I doubt an RF-s version of the RF800mm f/11 could be smaller or cheaper as the entrance pupil would be exactly the same minimum diameter of 73mm (because 800 / 11 = 73mm) only the small elements at the camera lens could be a bit smaller which wouldn't make a significant difference.
A lot of people assume a crop version of a big telephoto such as the 600mm f/4 would be smaller but in reality they'd be virtually identical .
To get f/4 aperture the entrance pupil of any 600mm lens must be 150mm so the the front element has to be at least this size.
For different sensor size the small elements at the camera end vary to suit but they're tiny anyway so the overall size of the lens stays roughly the same.
The RF800mm f/11 is tiny because it has a very small maximum aperture and it's fairly short because of Canon using fresnel DO lens elements.
It's also very low grade unsealed plastic construction too and not suited to wildlife / sports in adverse weather.


----------



## David - Sydney (Jul 15, 2021)

sanj said:


> There are others, besides bird photographers, that want a crop camera with lenses to go along.


Can you elaborate? 
I get the small/cheap (rebel) segment and the "reach" segment which birders have been associated with. The M series with EF-m/EF-s/EF lenses meets the first category and PBD makes a good point for R5+RF800mm (or R6+RF100-500mm) for cost/reach/Dof vs 7Dii+EF100-400mm


----------



## Navyo Eller (Jul 15, 2021)

Surely the M system has it's vantages, it's small first of all. That is compelling vantage over all other Canon offerings. It can produce high quality images, ok video specs. I guess that covers a lot of people.The R system is quite expensive for the average amateur, good lenses cost there price too.

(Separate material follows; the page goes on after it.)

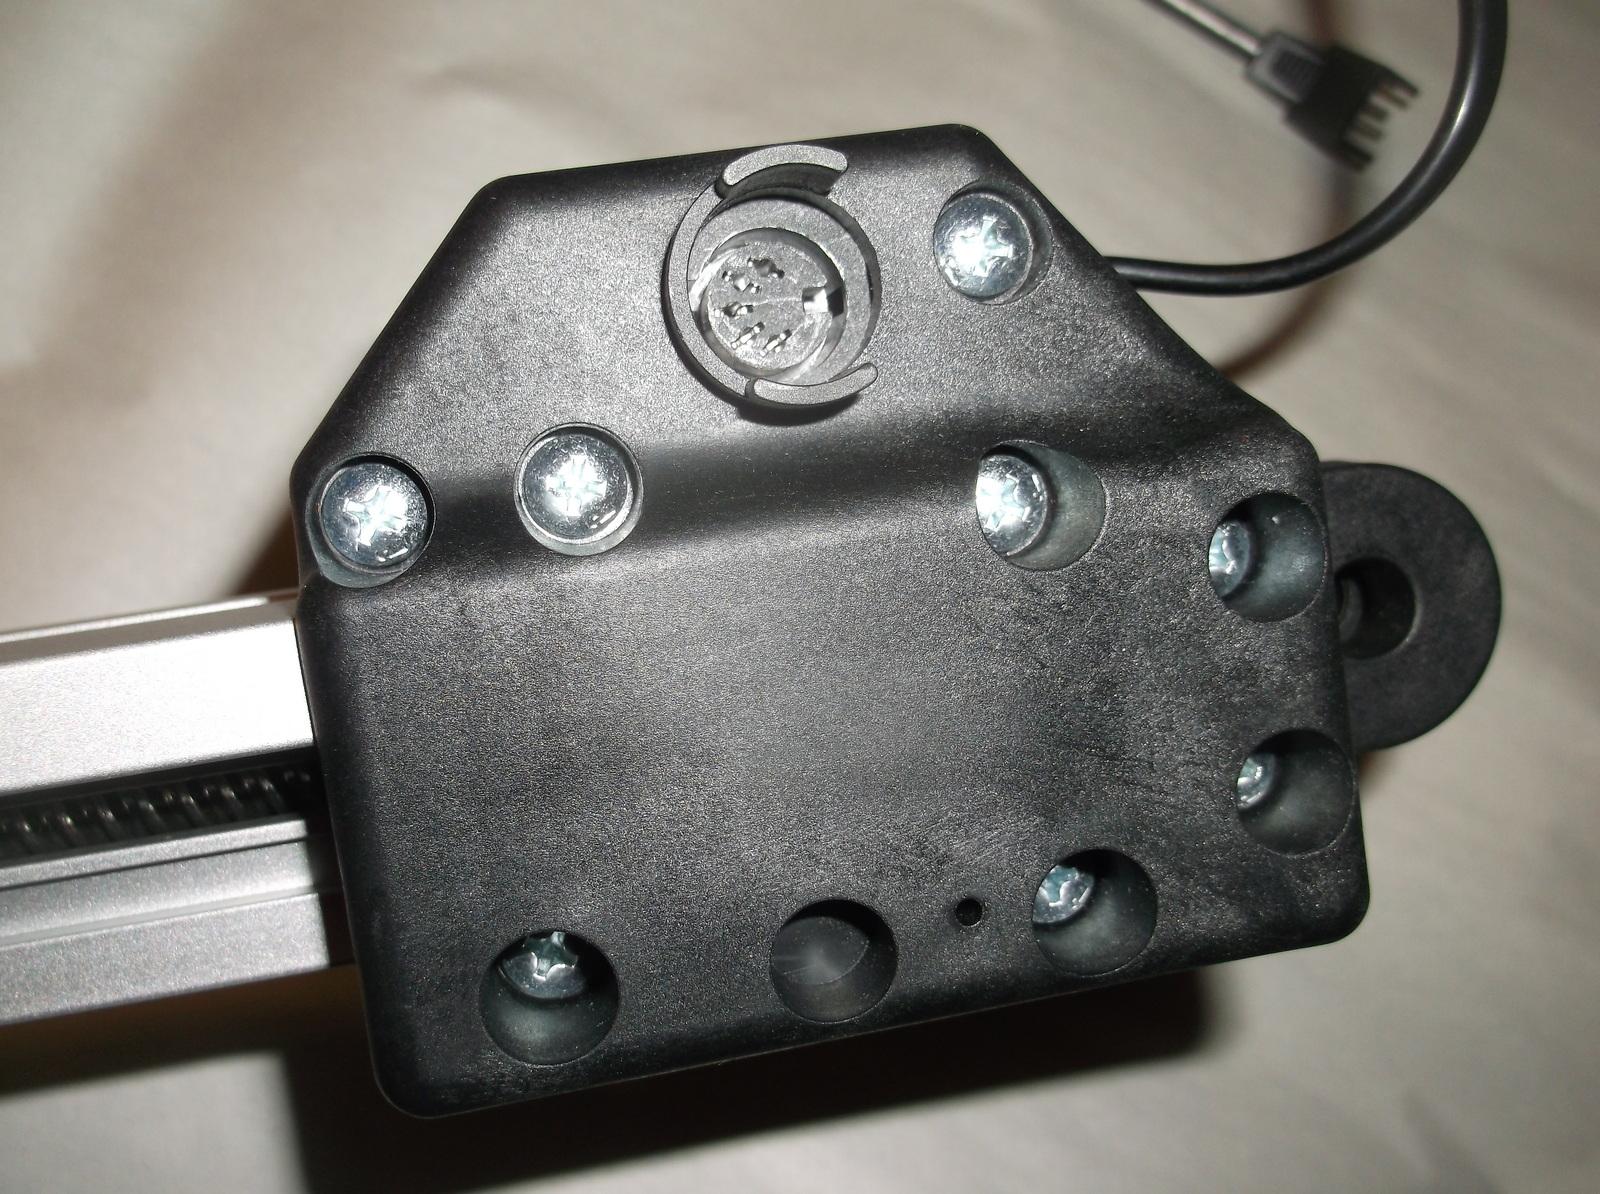 Okin Jldq 11 Motor Of Okin Refined R Linear Actuator Motor For Power Recliners

Coming from semi-pro to relaxed enthusiast I enjoy highly the M system, specially M50 and M6 Mark II. With the EF 70-300mm f/4-5.6L IS , EF-M 20/2 EF-M 32/1.4 , EF-M 11-22/3.5-5.6 I have now a package a third of the previous weight and maybe half of size with whom I can shoot very nice pictures/videos.

I am fully aware of the R series "FF" and it's advantages, but if I am not rich or live from my photo/video production, the M series is way more than needed for the vast majority of amateur or enthusiast photographer in my view. The R system is the way to go for serious pro work (with R5/R6) and semi-pro (RP/R) and people without budget problems.

My hope is for a slightly better weather sealing , maybe IBIS or stacked sensor in a M6 m III or M 50 m III, then the M series will make a very nice package. For me not even need new lenses, with the adapter, a huge selection of professional grade lenses are there.

The M system is already best selling for Canon worldwide and has indeed a future. With little upgrades for more rough use, and as others mentioned, it already best selling for Canon worldwide, it could for quite long time ahead also lure many 7D users.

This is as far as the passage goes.